OTTAWA, Canada — The Canadian government on Thursday announced its new Access to Cannabis for Medical Purposes Regulations, which will take effect on Aug. 24, and according to the Canadian Pharmacists Association, one big change that has popular support was left out. 


The CPhA on Thursday noted its disappointment that the new guidelines do not include a model in which pharmacists oversee dispensing of medical marijuana, though Health Canada did say it was considering a potential model with pharmacy at the center. 


“Pharmacists have the expertise to mitigate potential risks associated with medical marijuana, including harmful drug interactions, contraindications, and potential addictive behavior,” CPhA CEO Perry Eisenschmid said. “Pharmacist management and distribution would improve access for Canadians in urban, rural and remote communities … under the supervision of a licensed health care professional, through an established distribution system proven to protect patient and public safety.”

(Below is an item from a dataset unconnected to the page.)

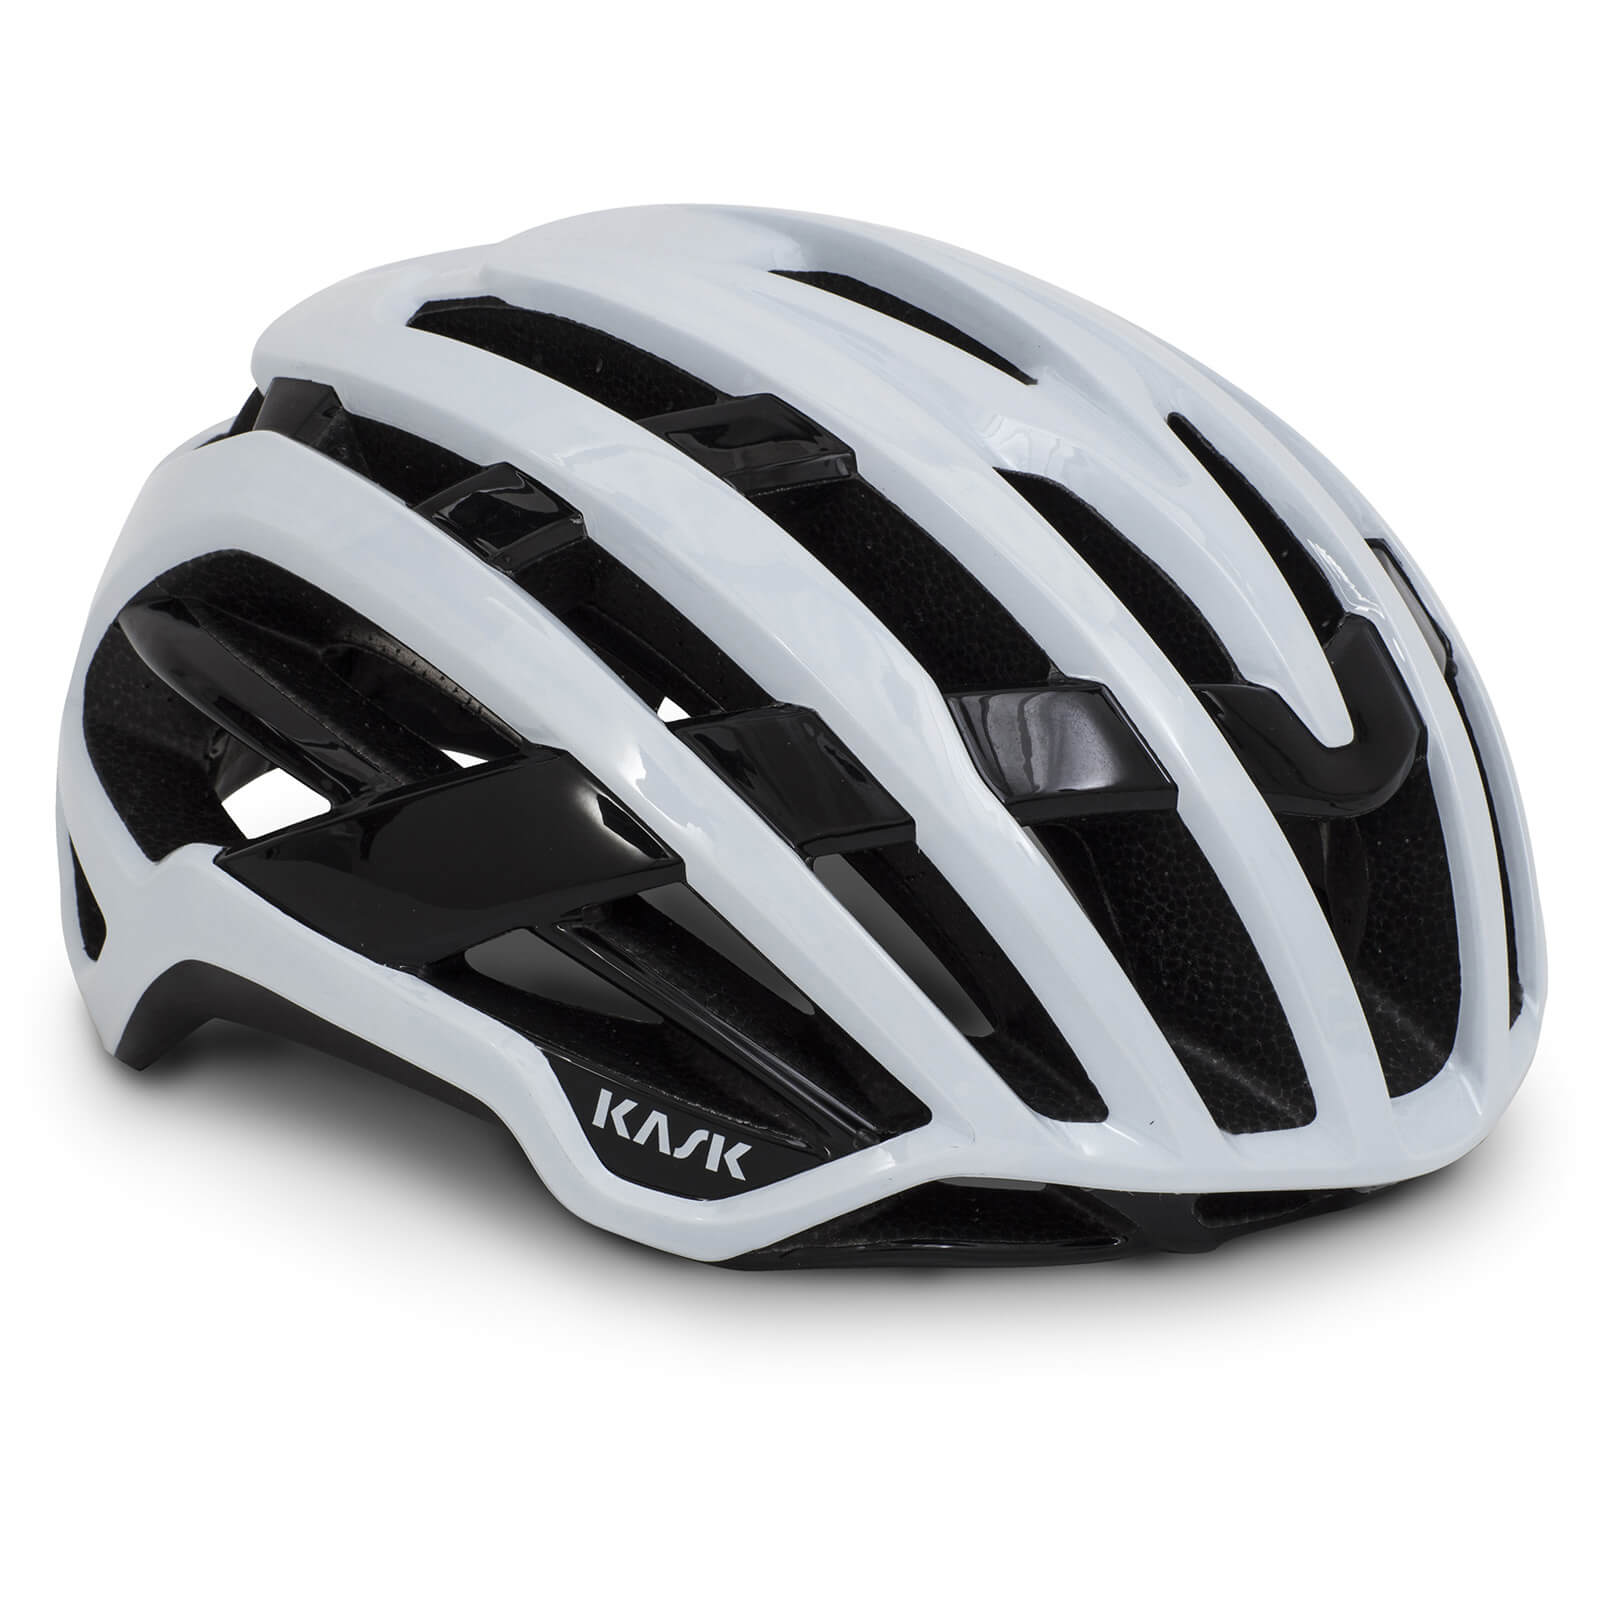 Kask Valegro WG11 Road Helmet - M - White

An Abacus Data poll conducted in February found that 52% of respondents were in favor of a distribution method led by pharmacy. And CPhA acknowledged that there is hope in the future as Canada looks to push for legal access to recreational marijuana, noting that pharmacist-dispensed medical marijuana in a country that also permits recreational marijuana would prevent against abuse of the medical system and the emergence of a grey market. 


"By providing access to marijuana for medical purposes through pharmacy, Health Canada and the Task Force on Marijuana Legalization and Regulation can ensure that Canada is in line with international best practices," Eisenschmid said. "Recognizing that Health Canada is responding directly to the Court's ruling and its deadline, we are encouraged that Health Canada has committed to studying pharmacy distribution as the regulations are evaluated going forward."